Tuesday is a start-up owned and incubated by M&S. It had become profitable and was starting to shift the perception of M&S clothing — showing the younger end of the customer demographic that the clothing could be put together stylishly. To survive in a fast-moving market the business had to grow, and the service was still almost entirely manual.
Members were leaving, and most of the reasons were ours to fix. 35% left because the edit they were sent was unsuitable — it didn't account for their style, clothing or body-shape preferences — with feedback going unheard and browsing friction close behind. Personalising to that level meant automating the actions taken from user feedback.
The reasons members unsubscribed — an unsuitable edit at 35%, then external factors, feedback being ignored, wanting a personal shopper and browsing friction — each mapped to what had to change.
Further research into how users behave inside the service decided how we'd improve the experience.
The main reason people subscribed was inspiration for new clothing choices — which let us tailor the content we gave them to what they were actually there for.
After receiving style advice, users had a brief window to feed back on the outfits their stylist suggested. Measuring how many words they typically wrote — among other insights — shaped an interface that fits how they really respond.
How far out of their comfort zone are people willing to go with a new outfit?
I interviewed members and found it varied wildly — from those who stick to what they know, to those who wanted the service to 'remake' them as a person. We put a gauge in the settings so users could choose how outlandish their stylist was allowed to be.
Inspiration dominated at 40%, then being pushed out of their comfort zone and help assembling outfits — the reasons that set how much personalisation the product actually needed.
Before machine learning could decide which outfits and items to show an individual, we had to define the actions that affect a user's profile preferences.
An early drawing describing how disliking a product alters the score of that product's attributes within the user's profile — which then changes what the stylist sends in future suggestions.
In Confluence I documented every action across the website (and the subsequent app) that influences a user's preference scores. Our AI expert took that list and built it into the system.

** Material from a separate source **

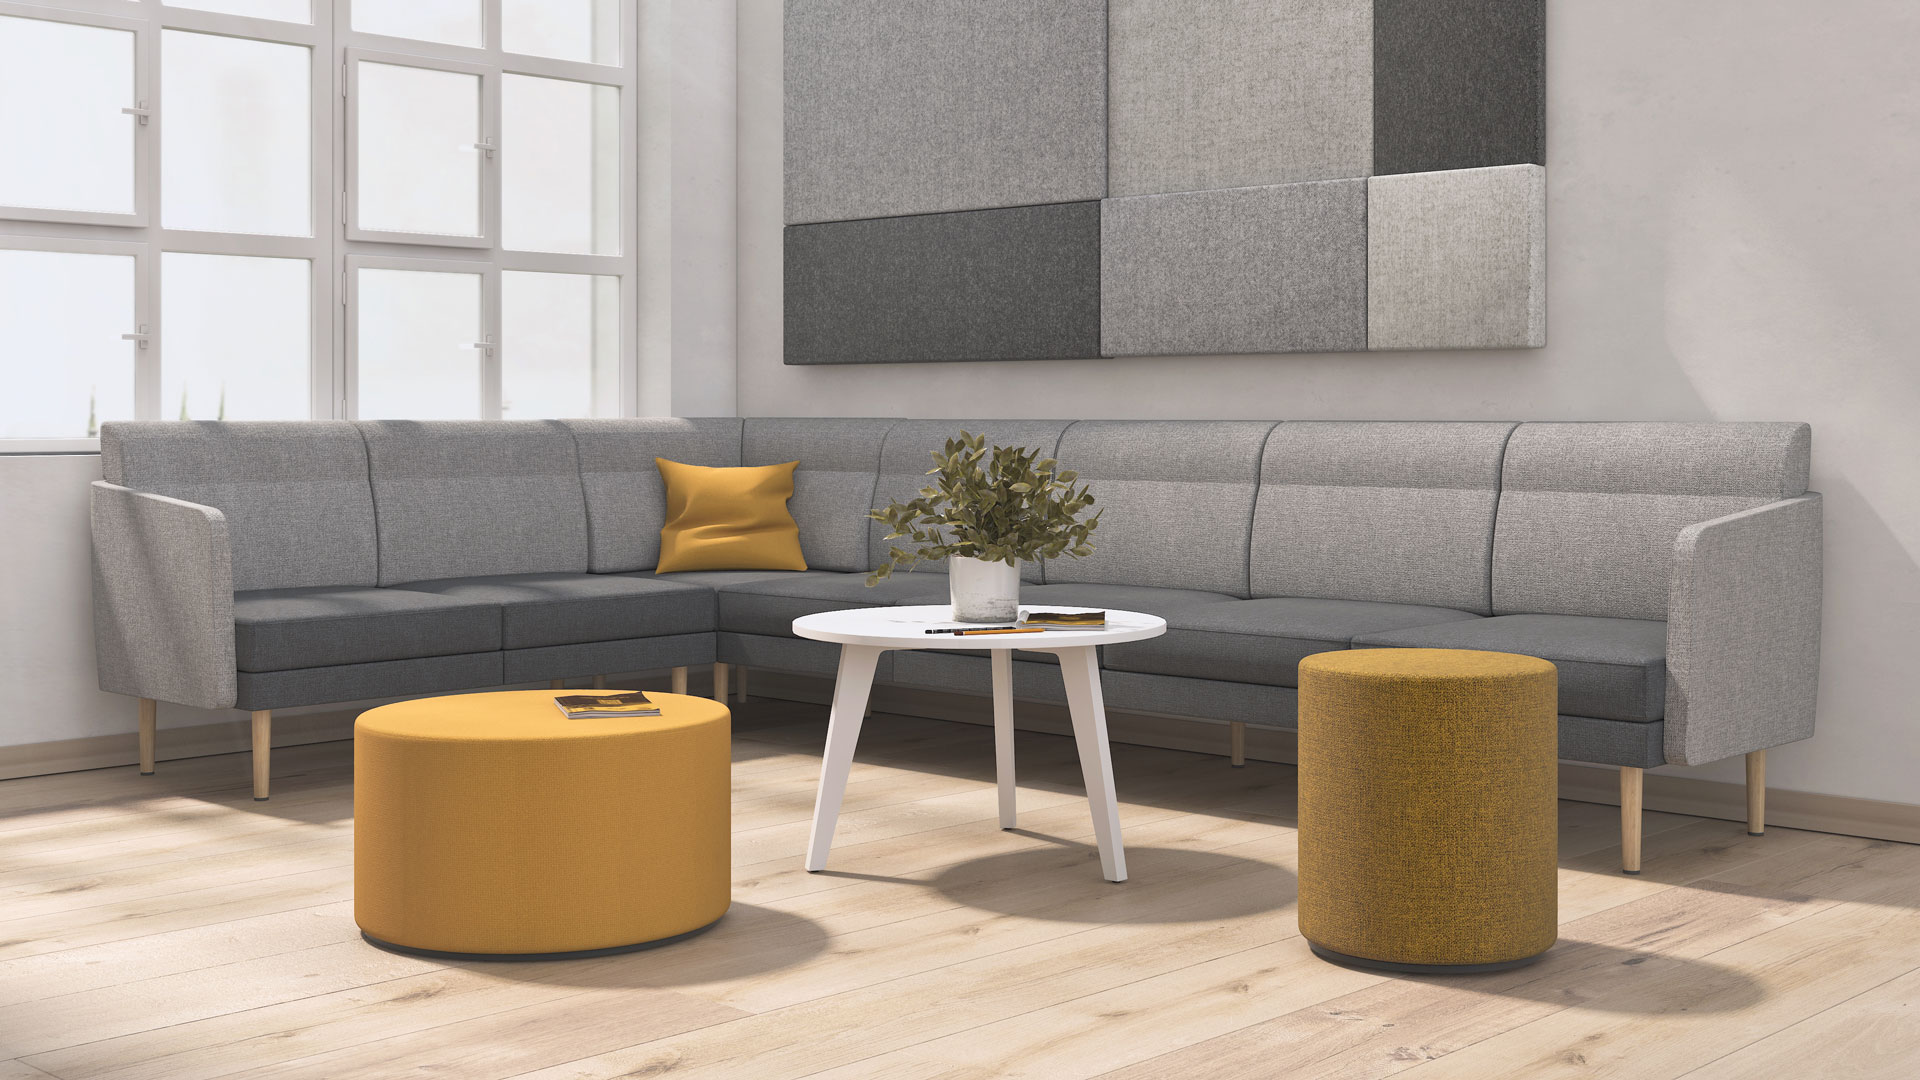 Combine Arcipelago with Giro poufs and Amber coffee tables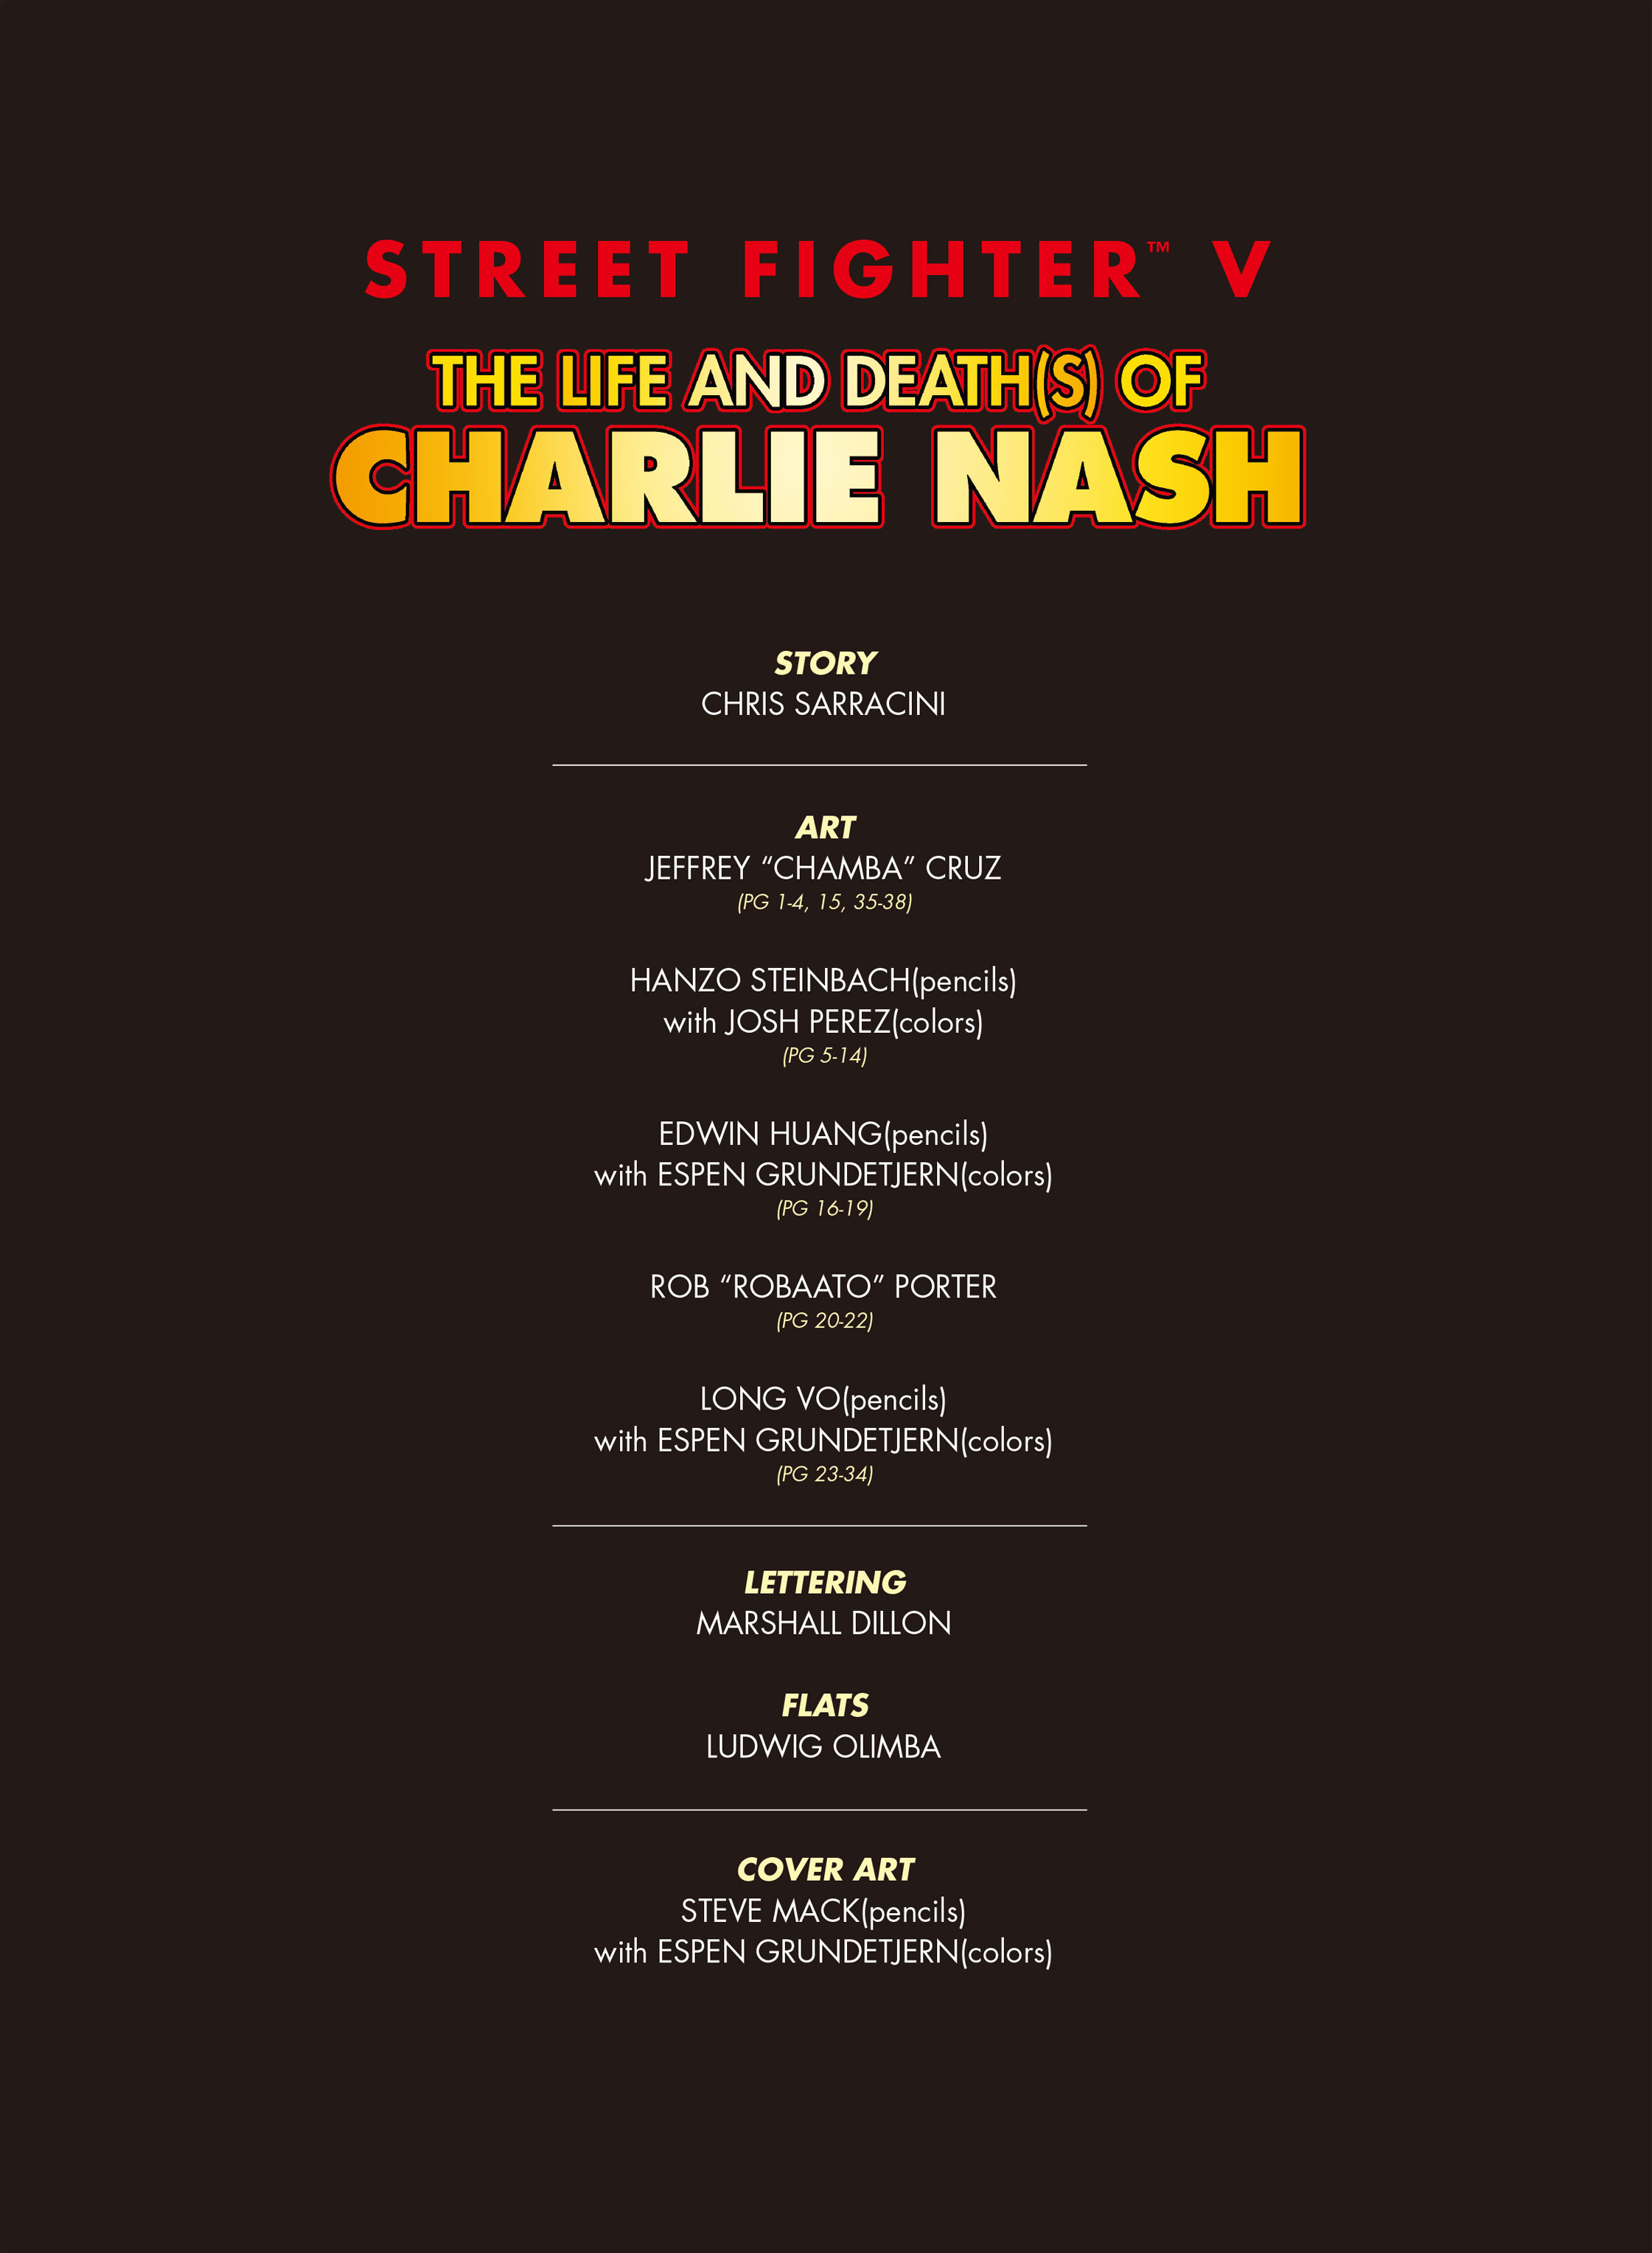 Read online Street Fighter V: The Life and Death(s) of Charlie Nash comic -  Issue # TPB - 3

The original sketch: dislike a leather coat and the style score drops ten points; dislike the colour and black drops too; opt out of black entirely and it drops a hundred — every attribute a slider from −100 to 100 in the user's profile.
I analysed direct and indirect competitors to understand their offering — both the product and the business model behind it.
Thread was the most advanced product available, though men's fashion only at that time. Analysing it sped up finding our own improvements considerably.
Thread's feedback mechanism pulled apart: a like/dislike on hover, a structured “why?” list behind the dislike, outfit-level feedback under the look, and a line telling you a stylist picked it and an algorithm tuned it.
The other half of enabling personalisation: a back-office system where ingested M&S clothing items could be tagged, both automatically and manually.
The categorisation tool: items ingested from each source into a queue, then tagged field by field — product type, material, style tribe, style age, style detail — with a completeness score so taggers know what's left.
The designs had to feel luxurious yet functional, so members got a sense of the quality of the products on show while still doing three things easily.
Do users want to click through to a month's outfits in one place, or just scroll everything suggested since they joined?
Two detailed, content-heavy prototypes answered it. Users didn't much care which month or time of year an outfit belonged to — they wanted to scroll indefinitely and soak up the inspiration.
Scroll back through every outfit the stylist has sent, newest first, each with per-item and whole-outfit feedback.
One piece out of the six, with the stylist's reason for choosing it — and alternatives if it isn't right.
Behind a dislike: tags on the garment itself, then structured taste and feeling reasons that move the profile scores.
To understand how people actually used the application I ran remote interviews, shadowing, surveys and multivariate testing against live analytics. Userzoom let us run in-depth testing fast, with members and non-members, to judge how usable the prototypes really were and make effective changes.